Precisely! Except Harris has it ass-backwards. The people saying “we’re sick of this” are the normal, free-thinking, laid-back folks like Chappelle and Ted Sarandos and myself and Sasha Stone and the vast majority of Average Joes who loved watching The Closer, and the “bullies” are the Twitter shriekers…they’re crying and freaking out because they can sense their zeitgeist moment slipping away from them.

In other words: They’ve overplayed their hand and driven everyone crazy, and the normals are starting to wake up and say “nobody wants anything but love and agency and options for trans people but at the same time fuck the shriekers…they’re driving everyone nuts and we’re tired of attempts to destroy people over having the wrong opinions or standing with J.K. Rowling or whatever….we’re really fucking sick of mob Twitter justice.”

From Andrew Sullivan‘s 10.8 “Weekly Dish” column, “Dave Chappelle Is Right, Isn’t He?“: “Chappelle’s final Netflix special, The Closer, is a classic. Far from being outdated, it’s slightly ahead of its time, as the pushback against wokeness gains traction. It is extremely funny, a bit meta, monumentally mischievous, and I sat with another homo through the whole thing, stoned, laughing our asses off — especially when he made fun of us.

“The way the elite media portrays us, you’d think every member of the BLT community is so fragile we cannot laugh at ourselves. It doesn’t occur to them that, for many of us, Chappelle is a breath of honest air, doing what every comic should do: take aim at every suffocating piety of the powers that be — including the increasingly weird 2SLGBTQQIA+ mafia — and detonating them all.”

Flush Living, Nice Duds, Servants, etc.

All American-made, bucks-up historical films try to soothe audiences with the usual upscale flourishes. In the case of The Last Duel the viewer is simultaneously living in medieval France and 21st Century America. The characters have to look as well-tended as the people we see in expensive clothing stores. Everyone is wearing perfectly tailored clothing, fresh from the cleaners, and they smell like nice cologne.

Hygiene standards in 1386 were almost certainly appalling by our standards, but we’re allowed to presume…okay, imagine that everyone slips into a hot bath each morning and uses a moisturizer and long-lasting anti-perspirant. This goes along with the great-looking garments and tunics, suede boots, expensive armor and high-style coifs (especially Ben Affleck‘s perfectly cut, canary-yellow hair).
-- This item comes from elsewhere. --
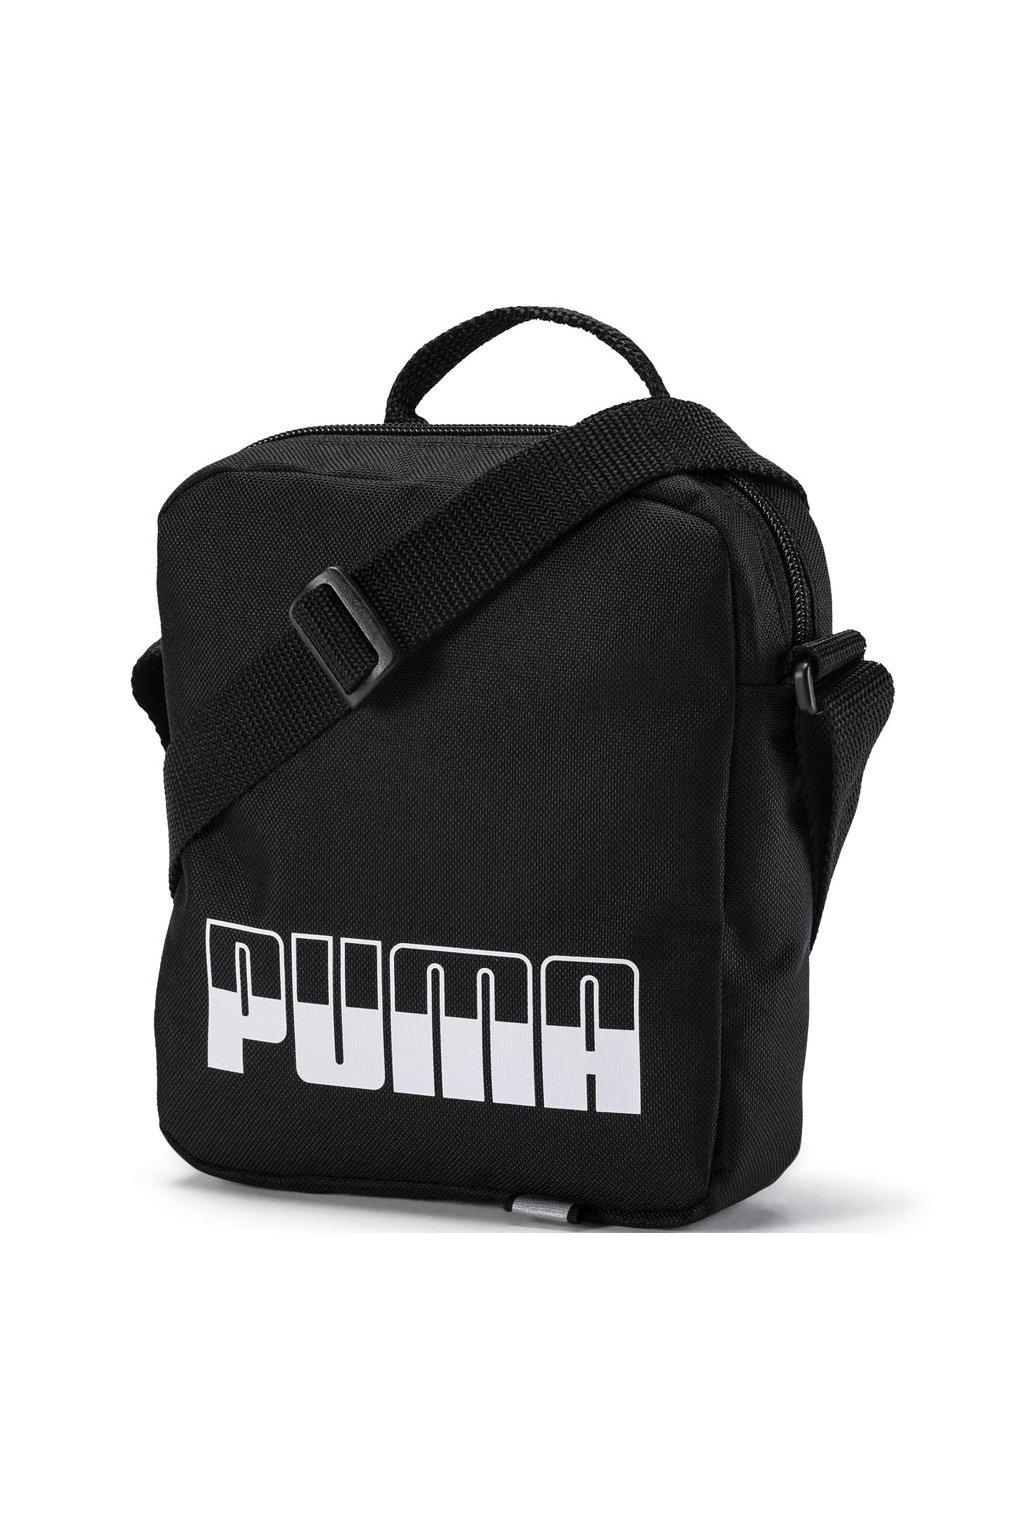 Taška Puma Plus II čierna 076061 01

Jodie Comer‘s servants dressing and grooming her just so…very Maid Marian, very Kardashian.

And we all agree, of course, to not think about anyone answering the call of nature…get shut of it, shut it out, good God.

The only things that bother me (and I’ve mentioned these before) are the muted grayish-blue color scheme and Matt Damon‘s mullet. You know that Ridley Scott chose that mullet deliberately; he loved knowing it would rub people like me the wrong way.

“Brown Sugar” Goes Into Hiding

The Rolling Stones have retired “Brown Sugar” from their stage show. An oft-performed track from their classic, half-century-old Sticky Fingers album, it’s a raunchy stomper about the sexual savoring of women of color. The lyrics use wicked images of 19th Century slave trade minglings as a fetid atmospheric element — the same hothouse that produced Richard Fleischer’s Mandingo (‘75).

I never processed “Brown Sugar” as anything more than a bad-boy taunt with erotic icing flung about. But in today’s context none of this works and so the song is toast.

Mick Jagger and Keith Richard have implied that the song’s excommunication may be temporary, and that it may return when the cultural mood shifts back into a semblance of sanity. Have they been talking to Ted Sarandos?